O vereador Toninho Garmes (PSDB), relator da Comissão Especial de Inquérito (CEI) constituída para a apuração do acordo de confissão de dívida da Prefeitura Municipal no valor de R$ 14,7 milhões cobrada pela Companhia Paulista de Força e Luz (CPFL), requereu na última semana documentos necessários ao início dos depoimentos e montagem do seu relatório.
Os vereadores entregaram ao presidente da Câmara Municipal de Bauru, Renato Purini (PMDB), um pedido de instauração da CEI feito com base no artigo 56 e seus parágrafos da resolução n.º 263/90 do Regimento Interno da Câmara.
O objetivo é apurar a assinatura de confissão de dívida por parte do prefeito municipal, Nilson Costa, no valor de R$ 14.725.682,09, em favor da CPFL, ocorrida no dia 16 deste mês. Dessa forma, a CEI pede o levantamento de toda a documentação sobre o assunto e a composição das despesas relacionadas à prestação de serviços de energia elétrica e iluminação pública em vias e praças da cidade.
O promotor de Cidadania e Patrimônio Público, Fernando Masseli Helene, instaurou na semana passada um procedimento para apurar se o prefeito incorreu ou não em ato de improbidade administrativa ao realizar confissão de dívida de RS14,7 milhões com a CPFL sem contrato. A apuração também vai levantar a forma de cobrança da dívida.
O termo de confissão de dívida assinado por Nilson Costa em relação à CPFL será contestado no Judiciário pelo autor da ação popular que discute a falta de medição e o sistema adotado para a cobrança pela iluminação de vias e praças públicas.
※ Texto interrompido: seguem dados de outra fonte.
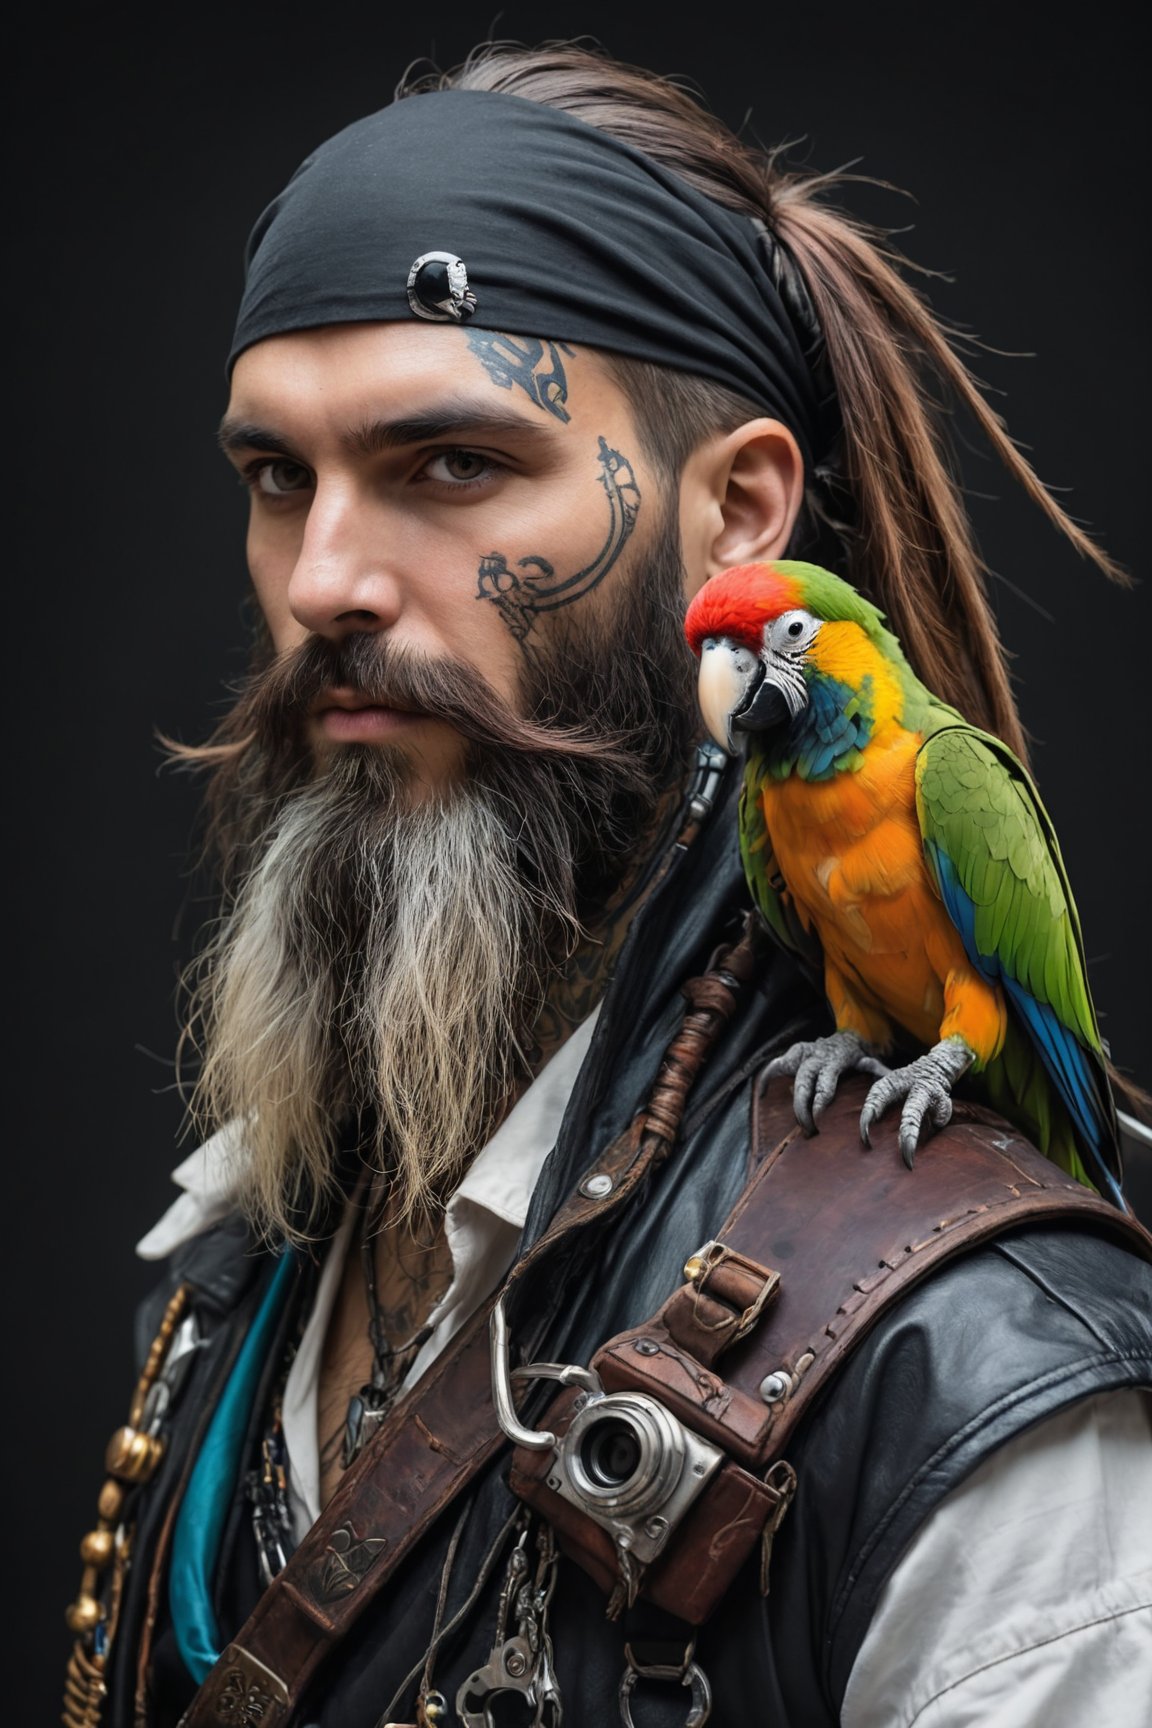 face portrait of a cyberpunk pirate woth a parrot on his shoulders, long beard, best quality

A informação foi dada na última semana pelo autor da ação, Arnaldo Fernandes.
Foram pedidos ao prefeito uma cópia de todo o procedimento do qual resultou a “confissão de dívida” em favor da CPFL; cópia de todas as faturas emitidas por tal empresa por conta de iluminação pública (ruas e praças) das quais originaram a “confissão de dívida”; cópia de toda a documentação do protocolo n.º 25288/01 da prefeitura, inclusive com as cópias dos ofícios expedidos entre o município de Bauru e a CPFL sobre o assunto, e cópia de todo e qualquer documento de natureza orçamentária ou financeira relacionado com os débitos da CPFL, tais como restos a pagar, empenhos, pagamentos efetuados etc, solicitando o atendimento de tudo no prazo de cinco dias.
A CEI também solicita ao juiz da 4.ª Vara Cível da comarca de Bauru uma cópia de todo o processo da Ação Popular n.º 2716/01, proposta por Arnaldo Fernandes em relação à CPFL, bem como de todo o processo n.º 1033/03, promovido pela mesma empresa em relação ao município de Bauru, também pedindo o atendimento no prazo de cinco dias.
O documento solicita ainda, dentro do mesmo prazo, ao presidente da Câmara Municipal a transcrição da entrevista concedida pelo prefeito ao Jornal da Cidade em 11 de outubro de 2003 e publicada em 12 de outubro do mesmo ano, sendo retransmitida no rol de oradores pelo vereador Toninho Garmes, na sessão ordinária de 19 de abril de 2004 e a certidão informando a existência ou não de projeto de lei em tramitação na Câmara Municipal ou lei em vigor, autorizando o prefeito no sentido de “confessar dívida” em favor da CPFL.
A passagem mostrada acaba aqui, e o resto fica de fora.